For each step, use a different cell: 
1. create two graphs using rdflib:
    - and load one with triples from the site https://csarven.ca/ and/or http://www.w3.org/People/Berners-Lee/card 
    - load one with triples from ./data/ingredients.rdf. 

In [171]:
#TIP: look at the documentation of the rdflib library for how to LOAD and PARSE a graph - https://rdflib.readthedocs.io/en/stable/gettingstarted.html

In [172]:
def check_graph(graph):
    ''' Additional function to check if graph is empty and print graph's length.'''
    # Loop through each triple in the graph (subj, pred, obj)
    for subj, pred, obj in graph:
        # Check if there is at least one triple in the Graph
        if (subj, pred, obj) not in graph:
           print("There are no triples in the Graph")
    # Print the number of "triples" in the Graph
    print(f"The graph has {len(graph)} statements.")

In [173]:
g1 = Graph()

# Parse in an RDF file hosted on the Internet
g1.parse("https://csarven.ca/")

check_graph(g1)

The graph has 537 statements.


In [174]:
g2 = Graph()

# Parse in an RDF file hosted on the Internet
g2.parse("http://www.w3.org/People/Berners-Lee/card")

check_graph(g2)

The graph has 86 statements.


In [175]:
ingredients = Graph()

ingredients.parse("./data/ingredients.rdf")

check_graph(ingredients)

The graph has 837 statements.


## Serialising and saving RDF graphs

There are different formats for storing RDF triples. Semantically, these mean the same, they differ only in their syntax. 

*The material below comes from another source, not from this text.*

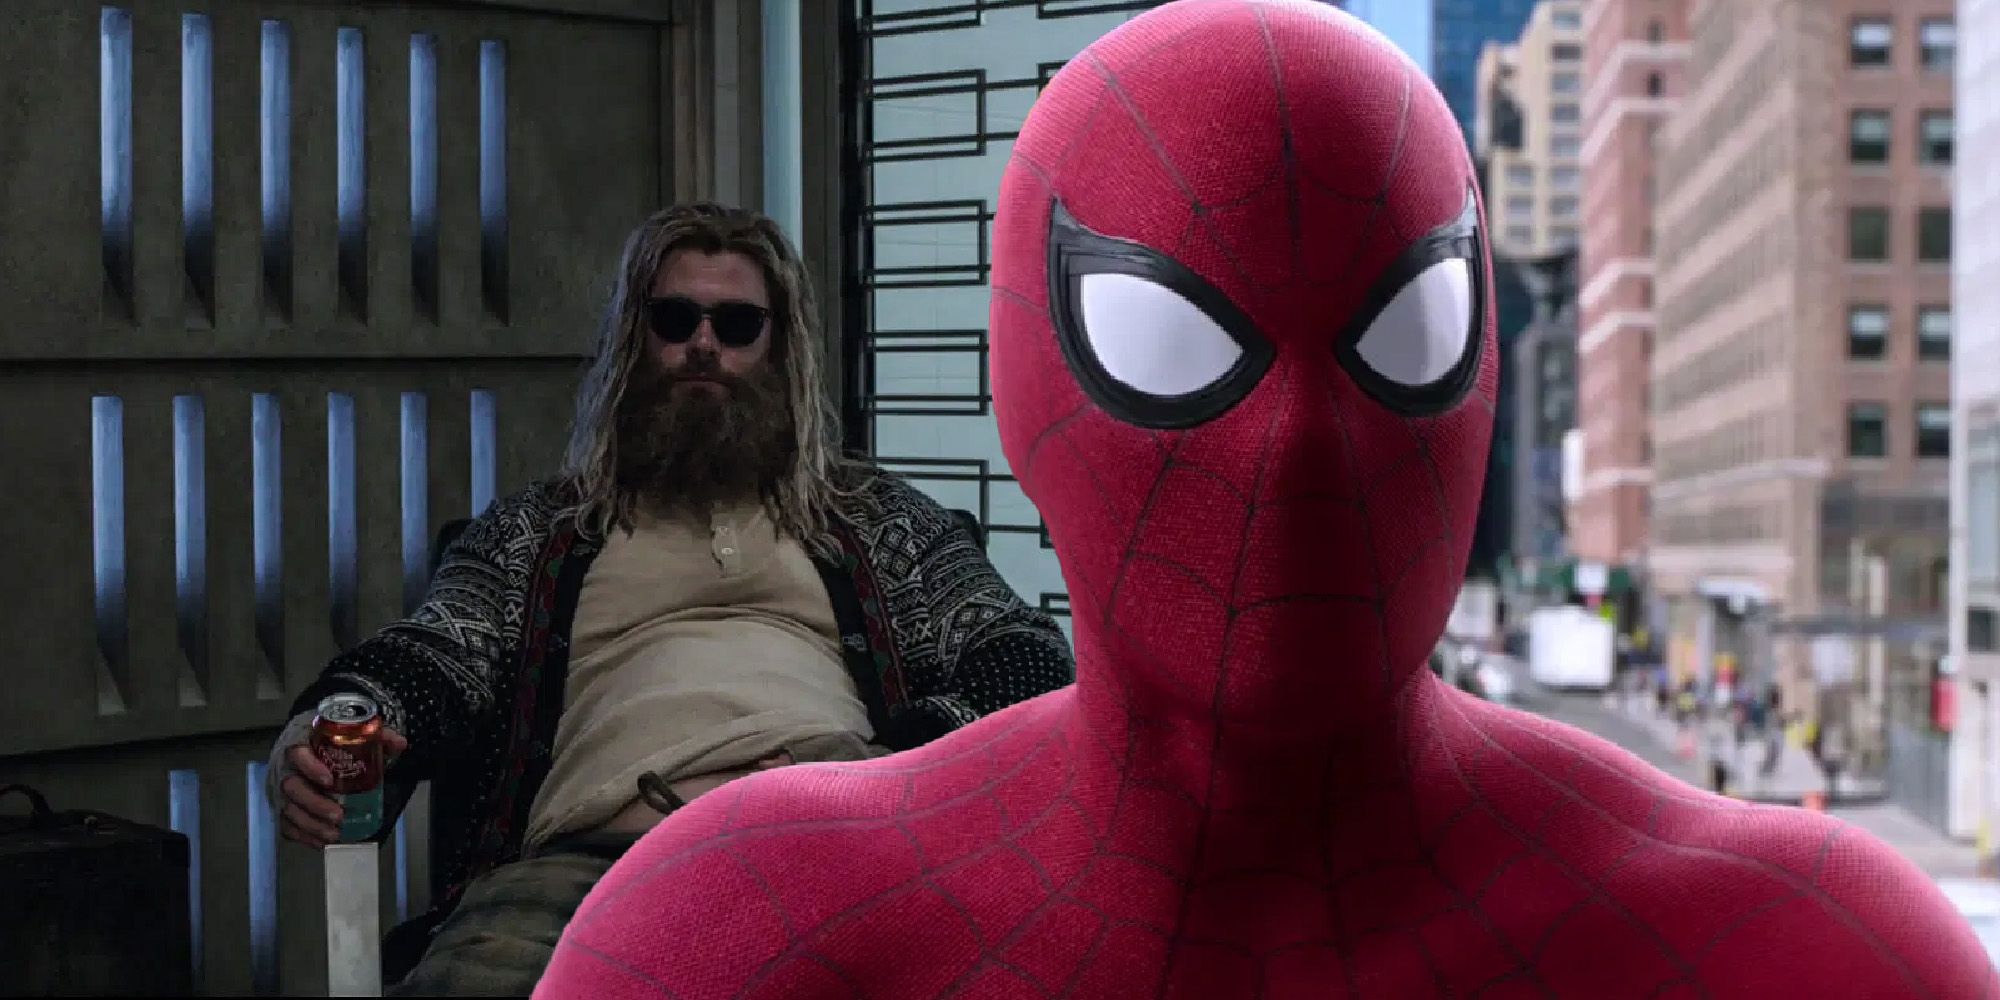 Endgame's Fat Thor Accomplished Spider-Man's Purpose Better Than Him

Use the function Graph.serialize(format). 

**Exercise 2**

1. serialise one of the graphs to the .ttl, .xml and .nt format, and print the first n lines to compare the syntax
1. save your graph in the turtle format to the ./data/ folder

In [176]:
def print_n_lines(graph, format, n):
    serialized = graph.serialize(format=format)
    lines = serialized.splitlines()
    for i in range(min(n, len(lines))):
        print(lines[i])
    print("\n")

In [177]:
def compare_formats(graph, n):
    # Print out the first n lines in the RDF Turtle format
    print("------ Turtle format ------")
    print_n_lines(graph, "turtle", n)
    # Print out the first n lines in the RDF XML format
    print("------ XML format ------")
    print_n_lines(graph, "xml", n)
    # Print out the first n lines in the RDF N-Triples format
    print("------ N-Triples format ------")
    print_n_lines(graph, "nt", n)

In [178]:
# 1. serialize the chosen graph
compare_formats(ingredients, 20)

------ Turtle format ------
@prefix dcterms: <http://purl.org/dc/terms/> .
@prefix ind: <http://purl.org/heals/ingredient/> .
@prefix obo: <http://purl.obolibrary.org/obo/> .
@prefix owl: <http://www.w3.org/2002/07/owl#> .
@prefix rdfs: <http://www.w3.org/2000/01/rdf-schema#> .
@prefix skos: <http://www.w3.org/2004/02/skos/core#> .
@prefix sm: <https://www.omg.org/techprocess/ab/SpecificationMetadata/> .
@prefix wtm: <http://purl.org/heals/food/> .
@prefix xsd: <http://www.w3.org/2001/XMLSchema#> .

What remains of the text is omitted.